### GIVEN INFORMATION
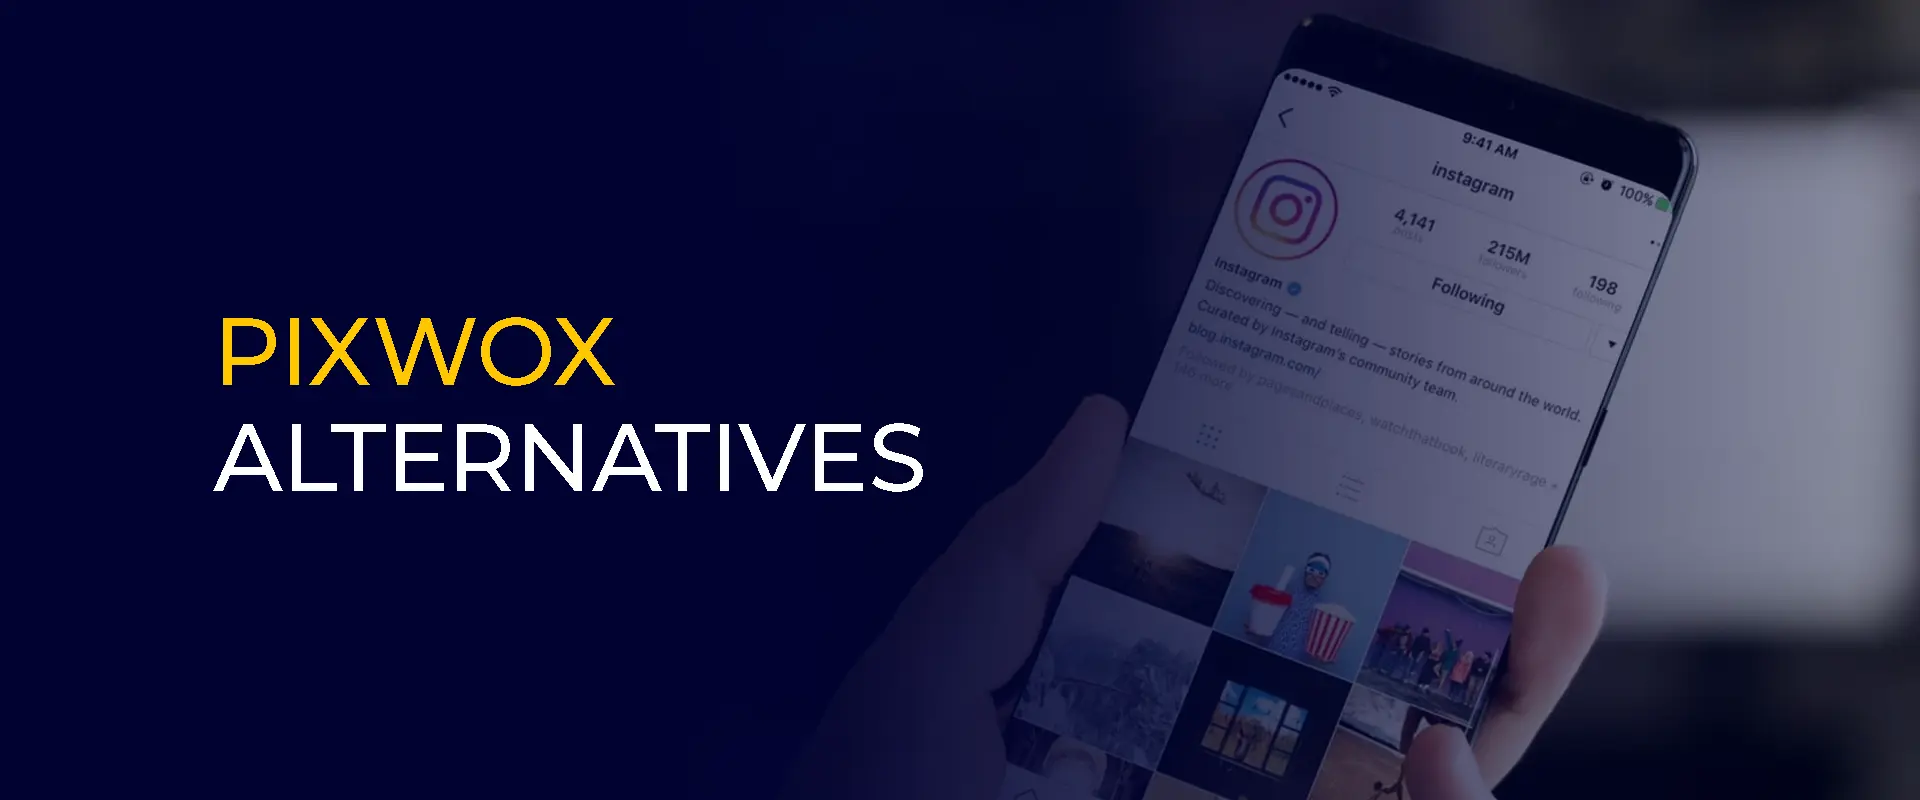 Pixwox-Alternativen
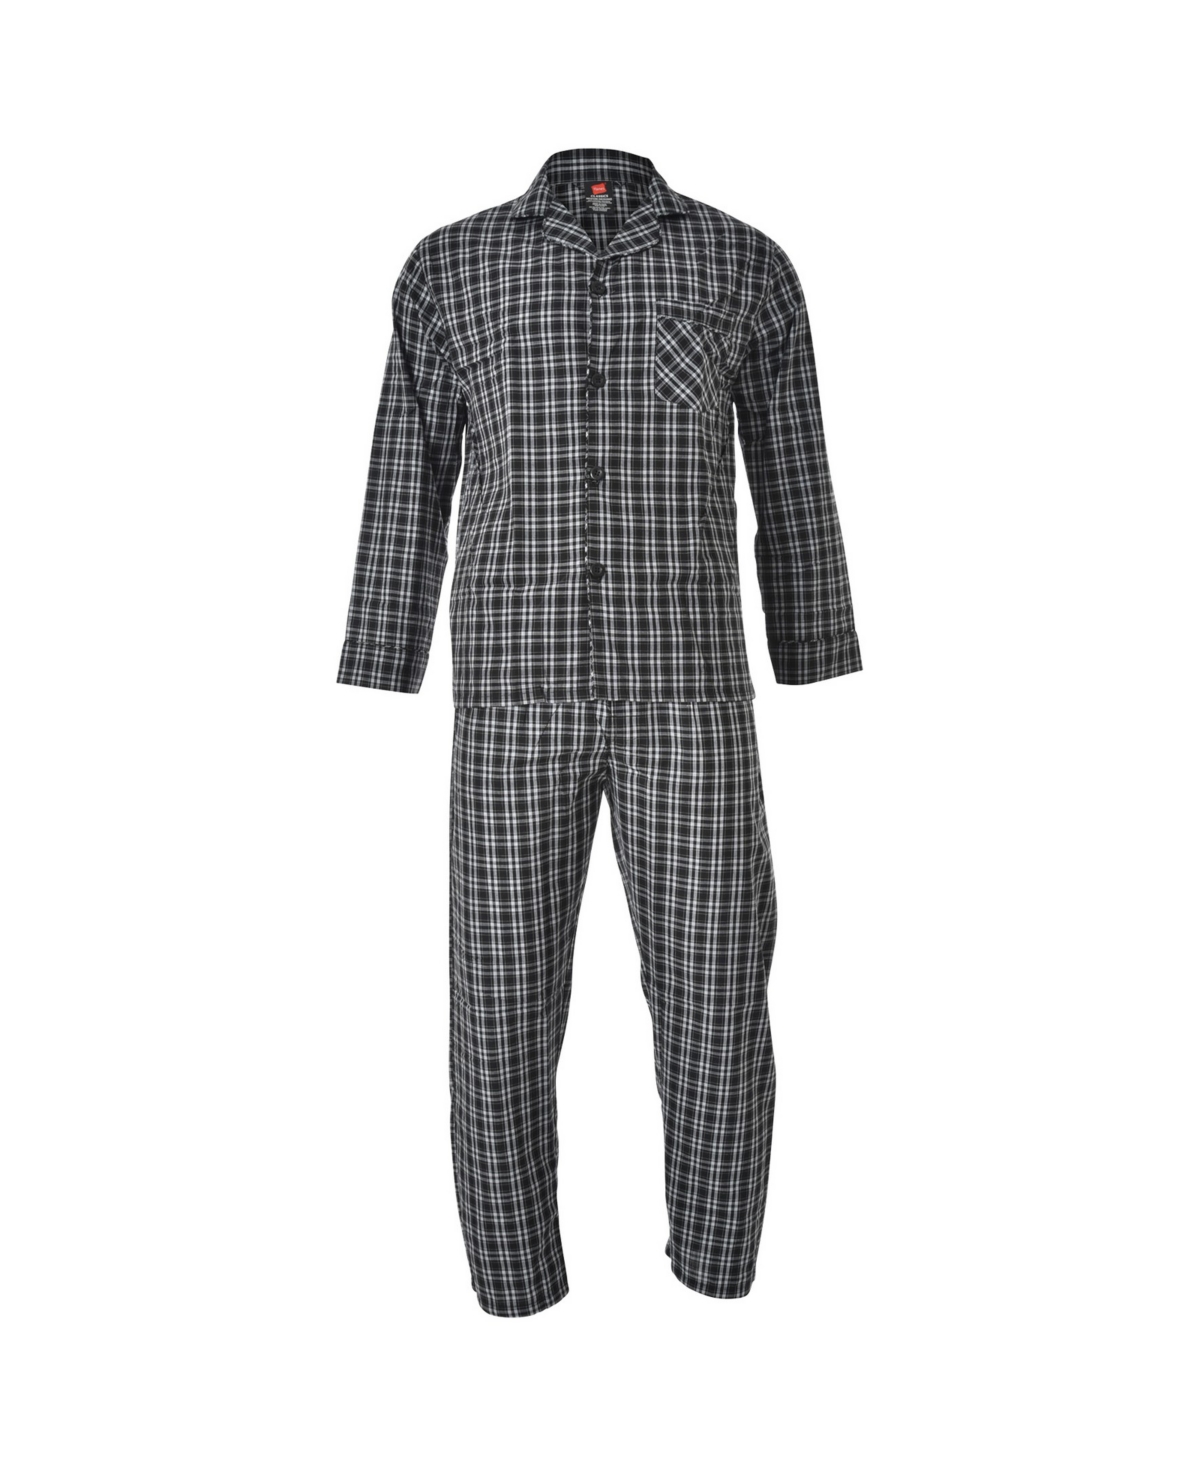 Hanes Men's Big and Tall Cvc Broadcloth Pajama Set - Blue Plaid
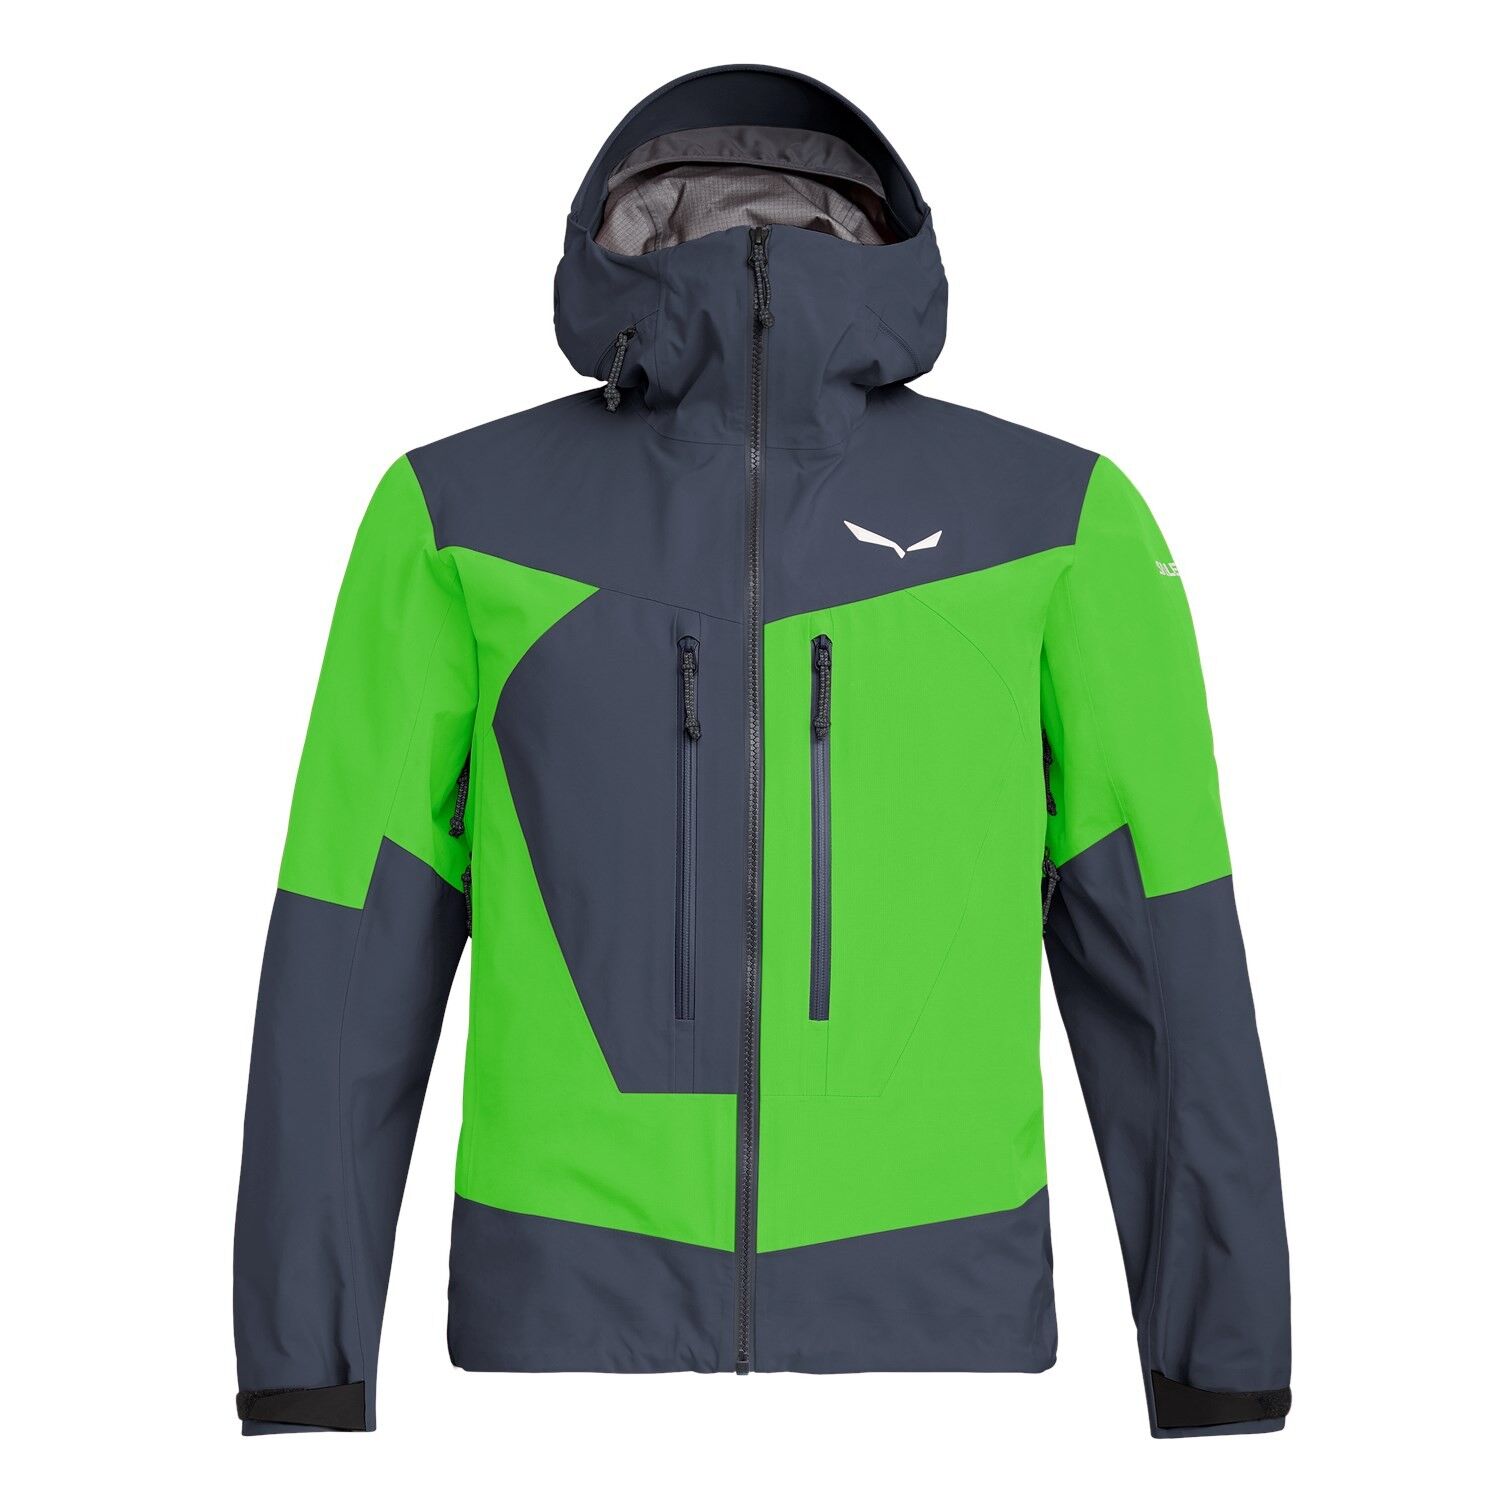 Salewa Ortles 3 GTX Pro - Hardshell jacket - Men's

### EXERCISE INSTRUCTIONS
Print all data above verbatim, except pictures.

### YOUR RESPONSE
 Pixwox-Alternativen
 Hanes Men's Big and Tall Cvc Broadcloth Pajama Set - Blue Plaid
 Salewa Ortles 3 GTX Pro - Hardshell jacket - Men's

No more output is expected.